Isopoda, also known as woodlice, pill bugs, or roly-polies, are a diverse order of crustaceans that play crucial roles in terrestrial and aquatic ecosystems.
These flattened, seven-legged creatures have the unique ability to roll up into a ball for protection, making them fascinating subjects of study.
Isopod research is vital for understanding their biology, ecology, and potential applications, such as in bioremediation and toxicology studies.
Researchers can utilize a variety of tools and techniques to explore these crustaceans, including stereomicroscopes, Valia-Chien cells, blood and tissue kits, DFC450 cameras, AxioCam ERc5s cameras, S-2460N scanning electron microscopes (SEMs), Y-IDT compound microscopes, HiSeq 4000 sequencers, and CorelDRAW X6 software for image processing.
By leveraging these advanced tools and techniques, scientists can gain deeper insights into the lives of isopods, from their anatomy and behavior to their genetic makeup and environmental impact.
This knowledge can lead to breakthroughs in fields like ecology, conservation, and even biotechnology, where isopods may play a role in bioremediation or other innovative applications.

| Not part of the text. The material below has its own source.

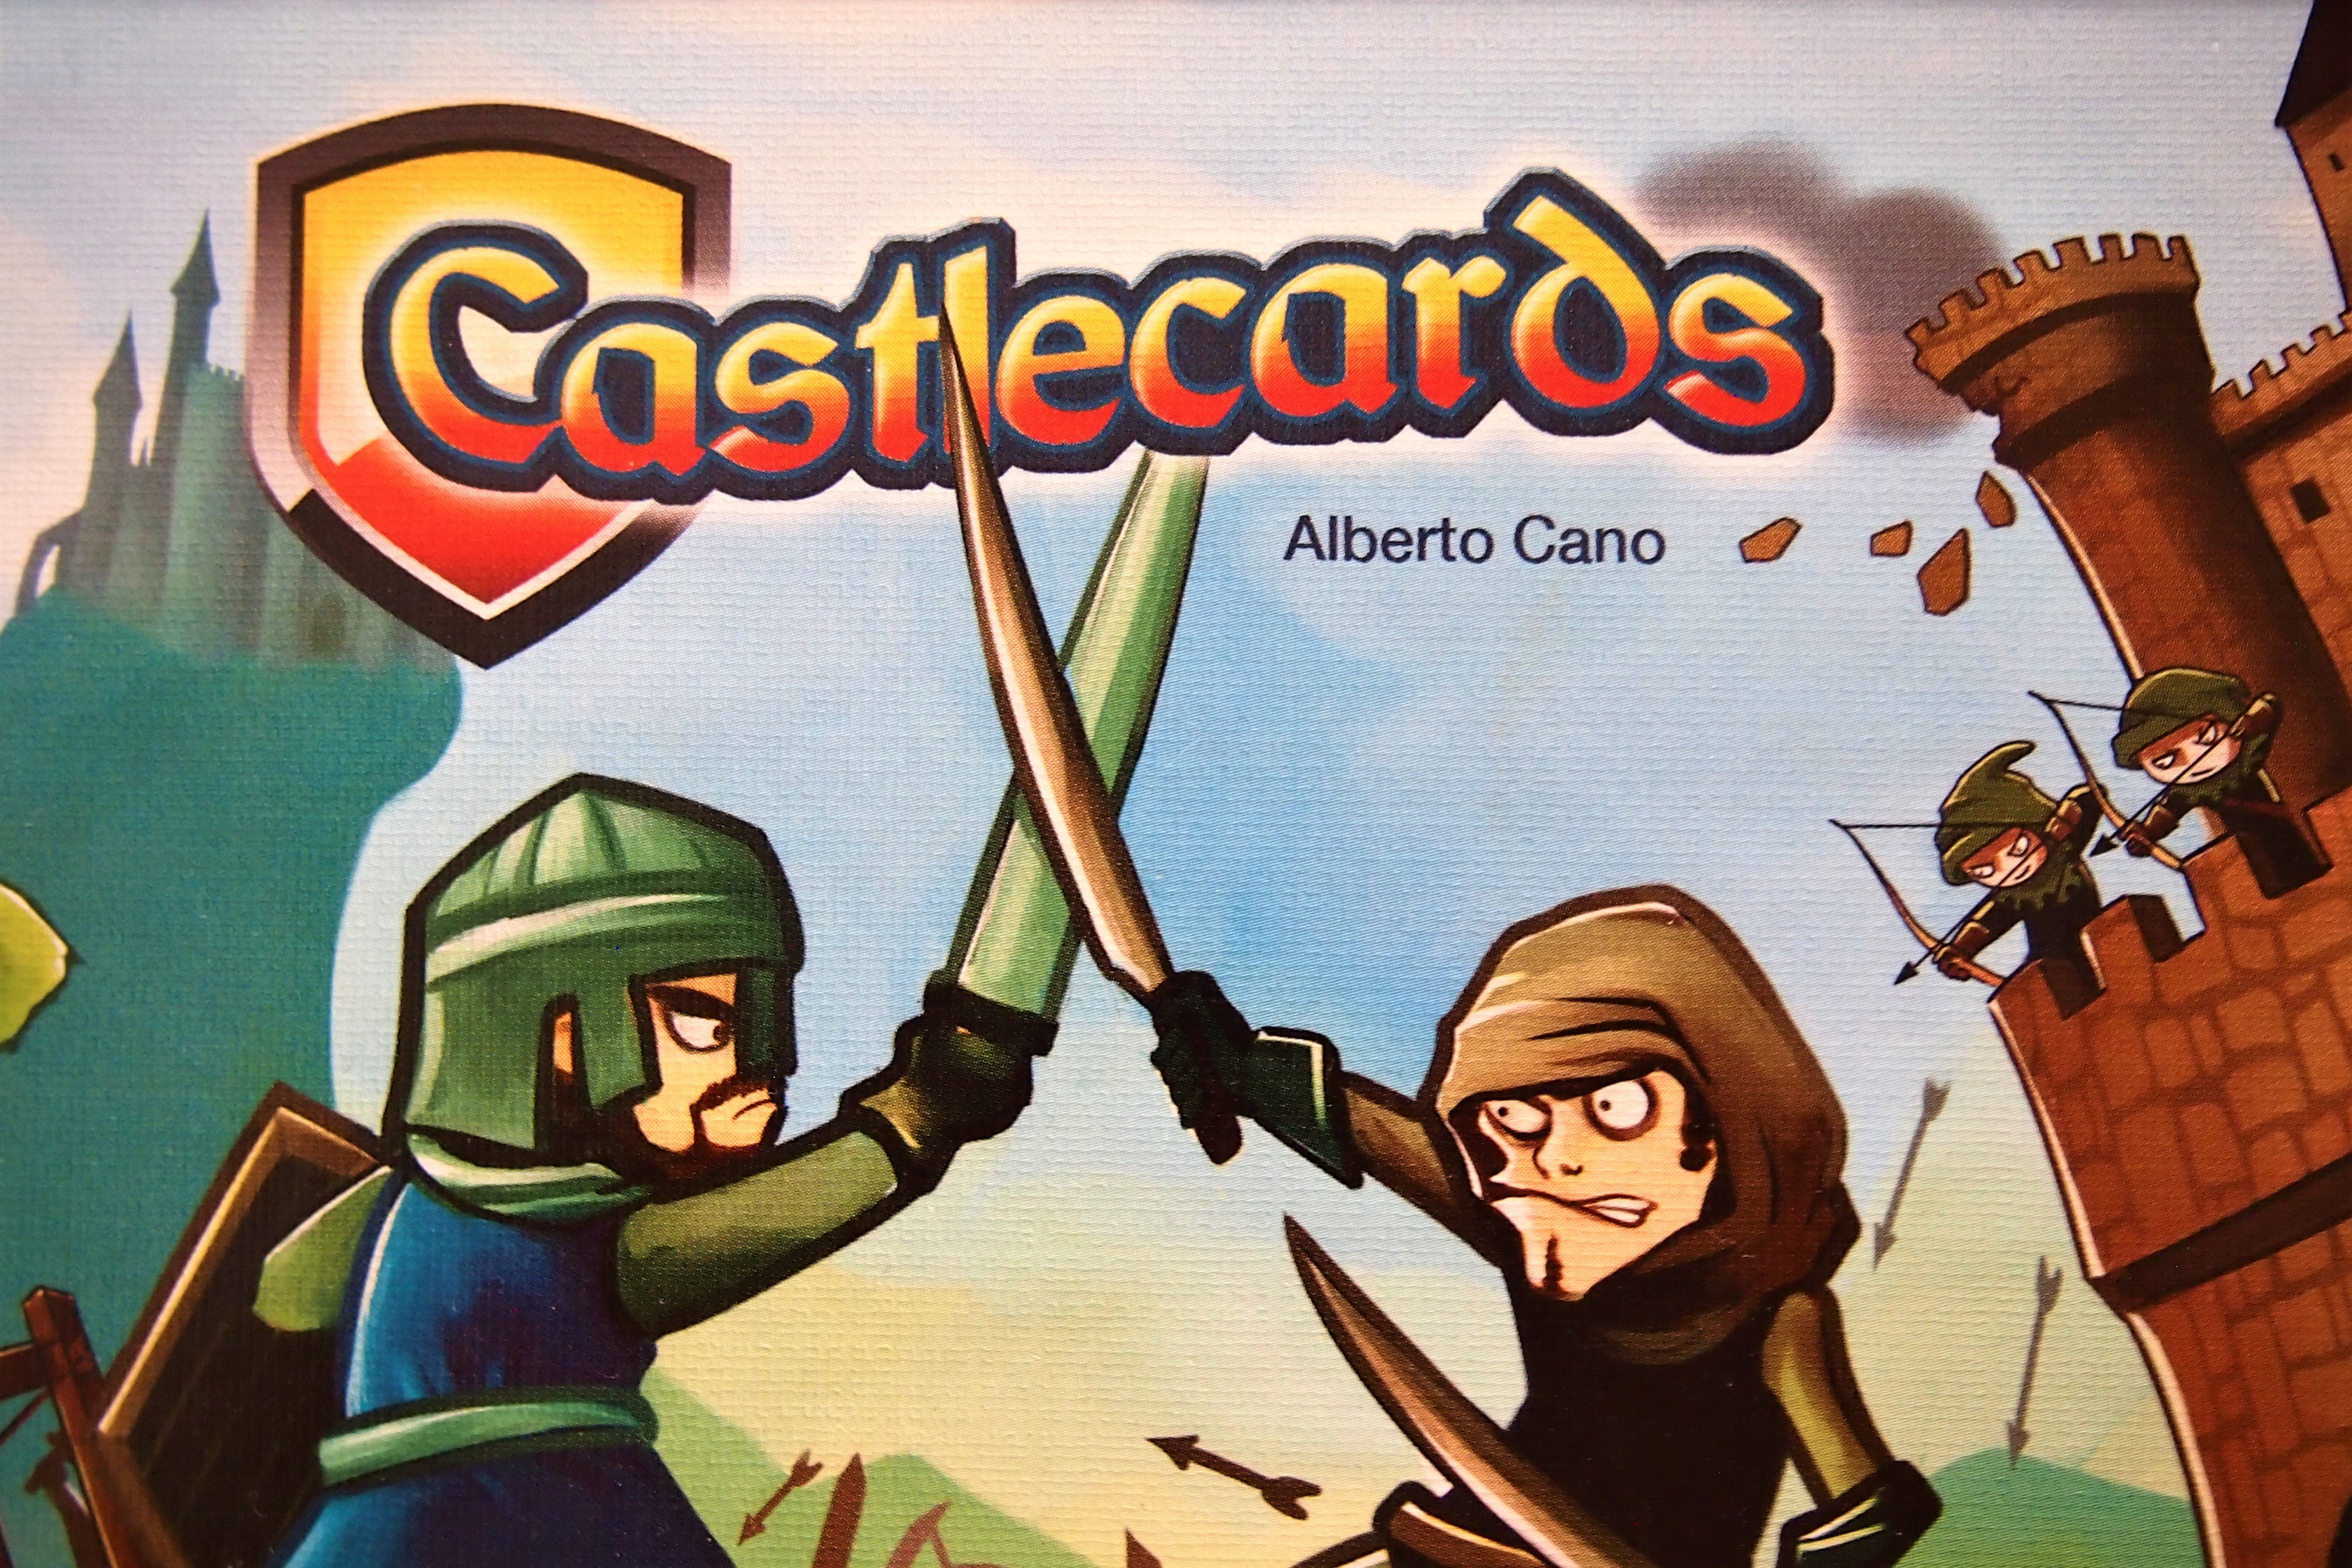 Castlecards: la combinación entre y defensa en un adictivo juego • Consola y Tablero

To streamline your isopod research, consider using PubCompare.ai, an AI-driven platform that helps you locate relevant literature, pre-prints, and patents, while also providing AI-driven comparisons to identify the most accurate and reproducible research methods.
With PubCompare.ai, you can optimize your isopod research and improve the quality of your results, ensuring that your work has a lasting impact on our understanding of these fascinating crustaceans.